### Exercise instructions
Copy the material below verbatim from the line with "高級 春夏秋冬 上質 形態安定加工" to the line with "Riassunto esame Percezione", both lines included, omitting pictures and every line outside that range.

### Data shown
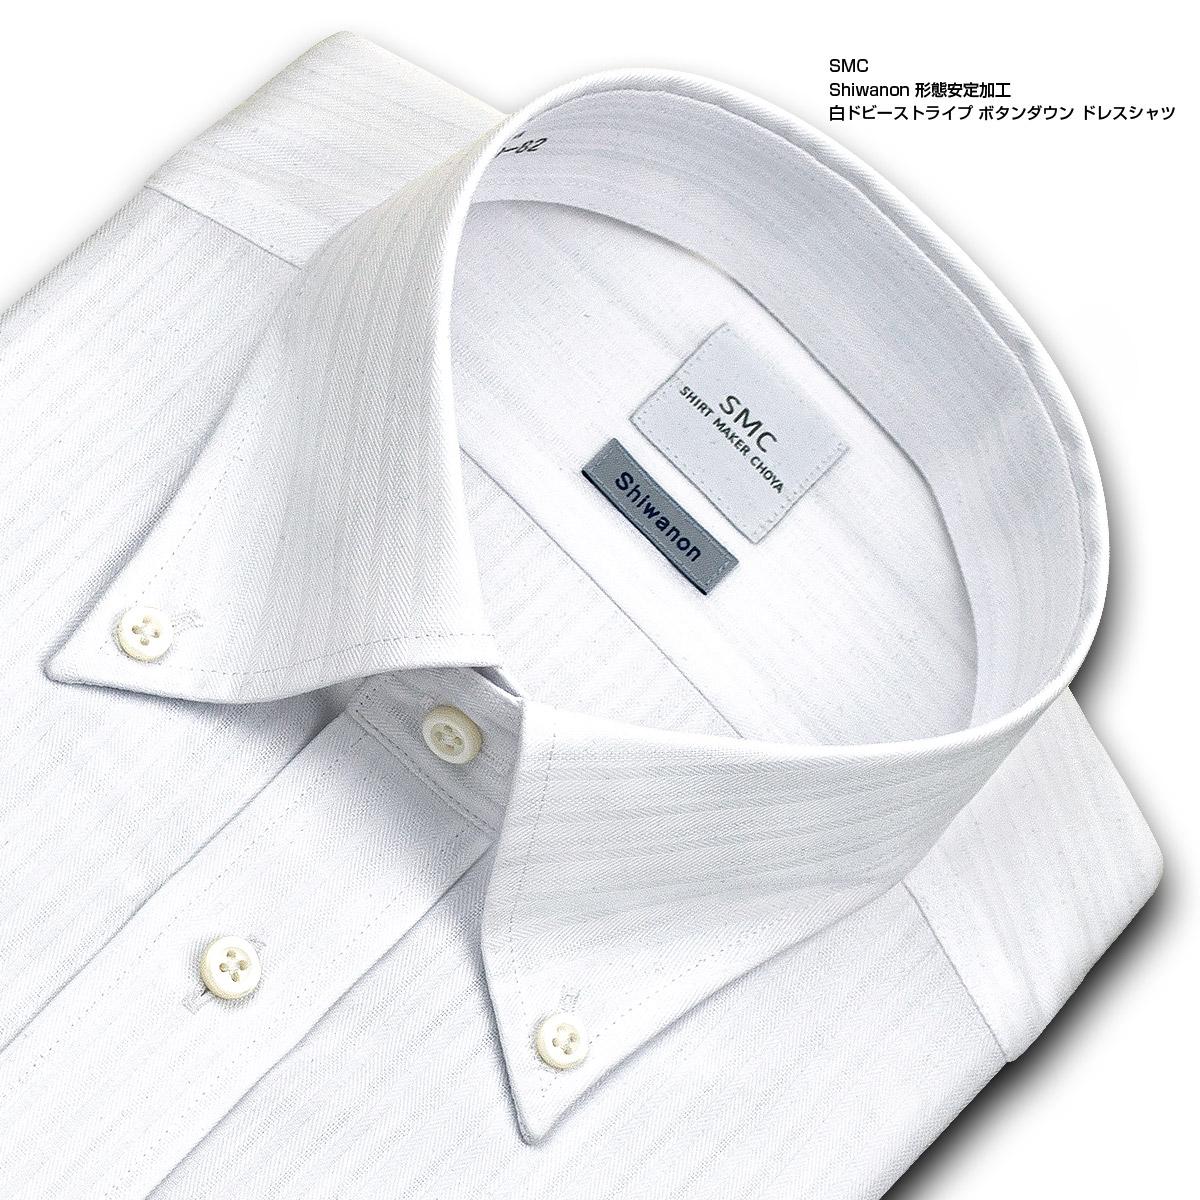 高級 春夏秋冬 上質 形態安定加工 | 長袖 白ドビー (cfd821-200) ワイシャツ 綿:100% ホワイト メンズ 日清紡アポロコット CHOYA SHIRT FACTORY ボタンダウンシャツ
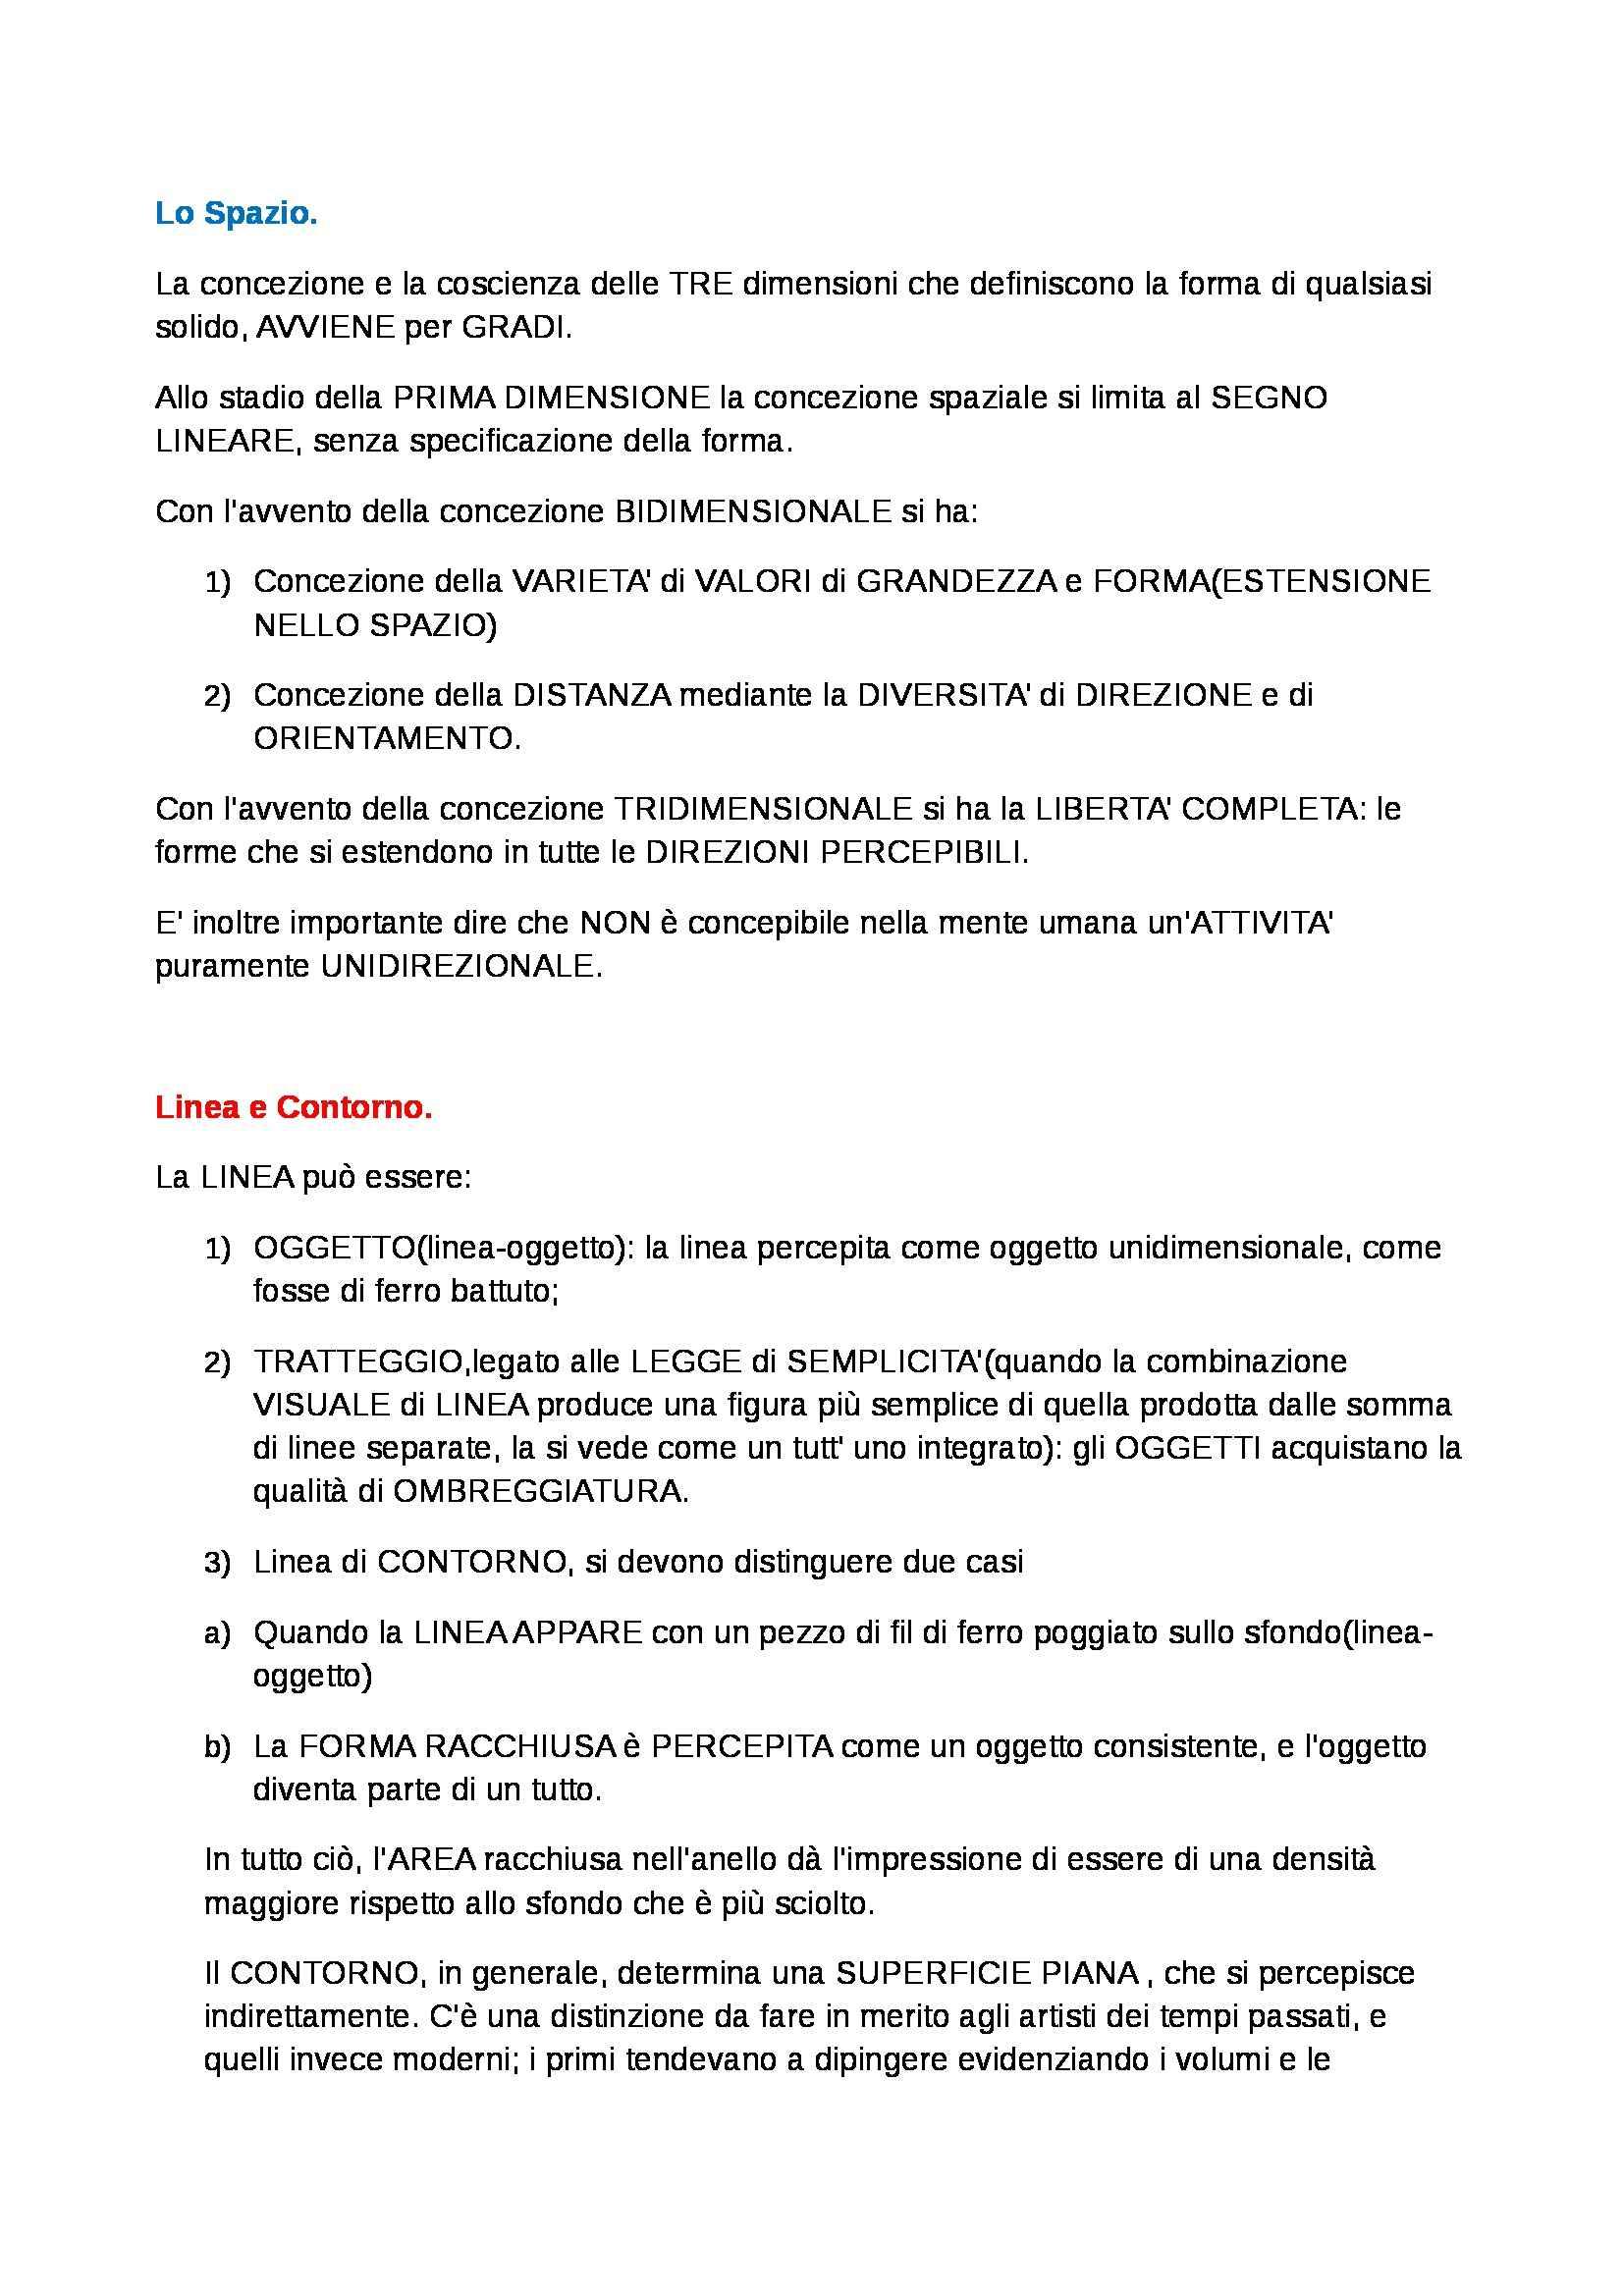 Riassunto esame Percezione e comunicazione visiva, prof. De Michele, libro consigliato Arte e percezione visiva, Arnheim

* * *

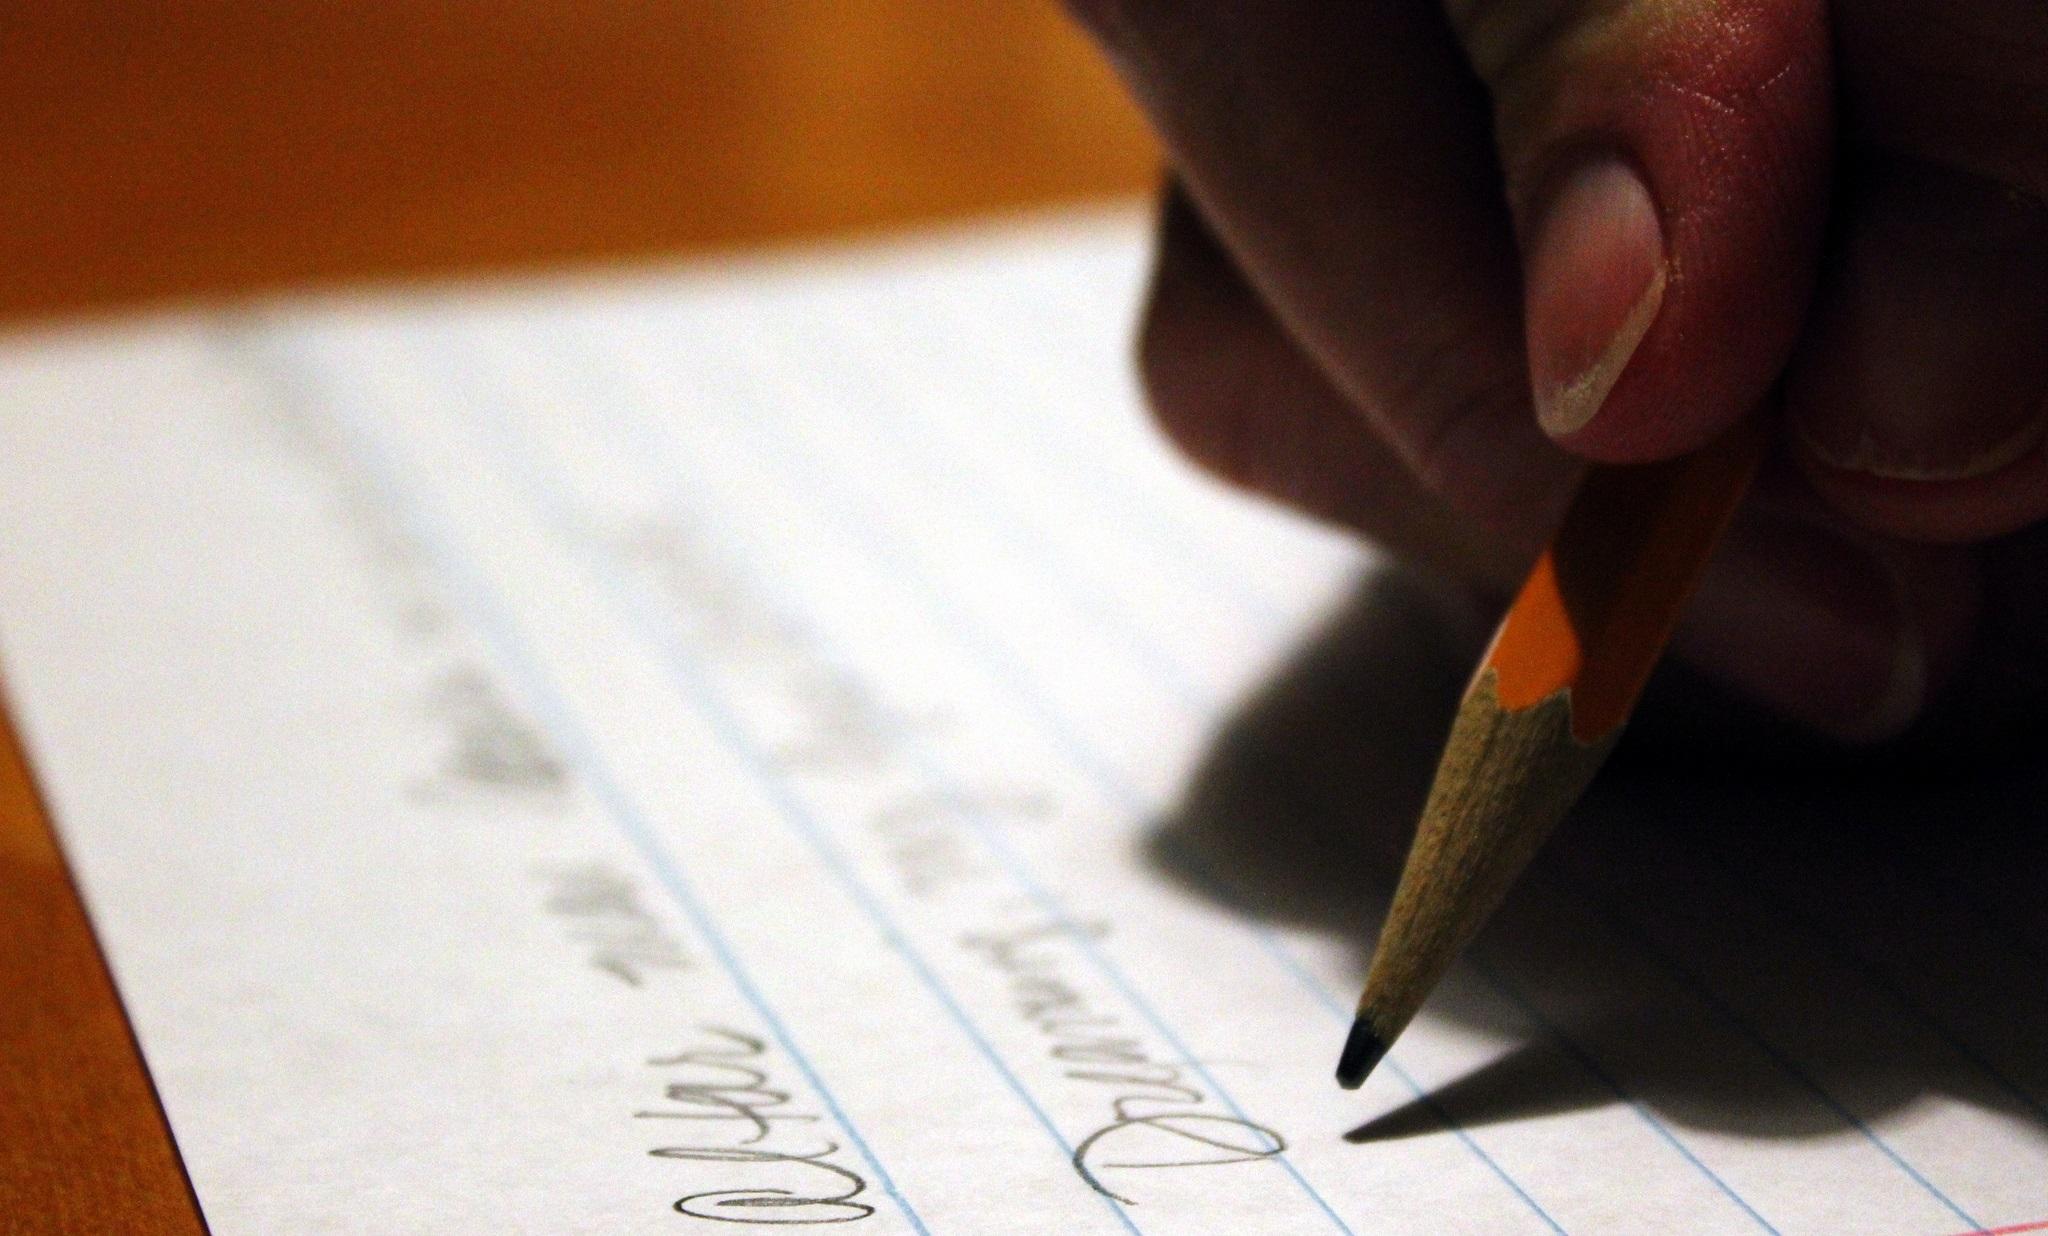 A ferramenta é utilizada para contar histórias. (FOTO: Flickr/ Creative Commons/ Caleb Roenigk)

==

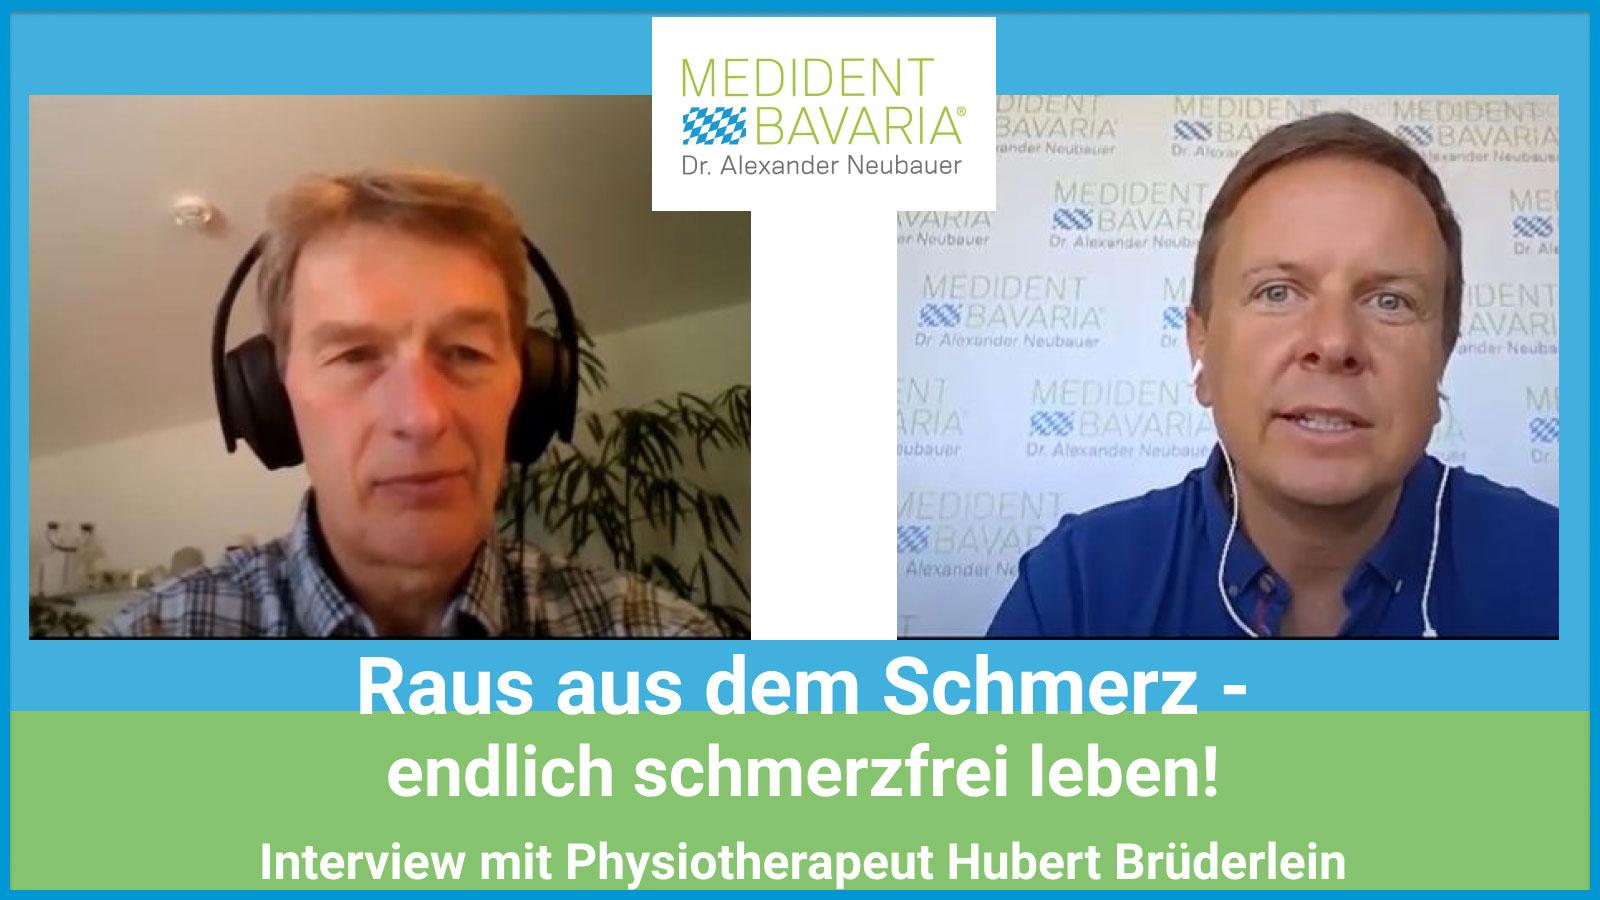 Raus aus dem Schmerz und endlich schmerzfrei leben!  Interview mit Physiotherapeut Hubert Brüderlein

### Exercise solution
 高級 春夏秋冬 上質 形態安定加工 | 長袖 白ドビー (cfd821-200) ワイシャツ 綿:100% ホワイト メンズ 日清紡アポロコット CHOYA SHIRT FACTORY ボタンダウンシャツ
 Riassunto esame Percezione e comunicazione visiva, prof. De Michele, libro consigliato Arte e percezione visiva, Arnheim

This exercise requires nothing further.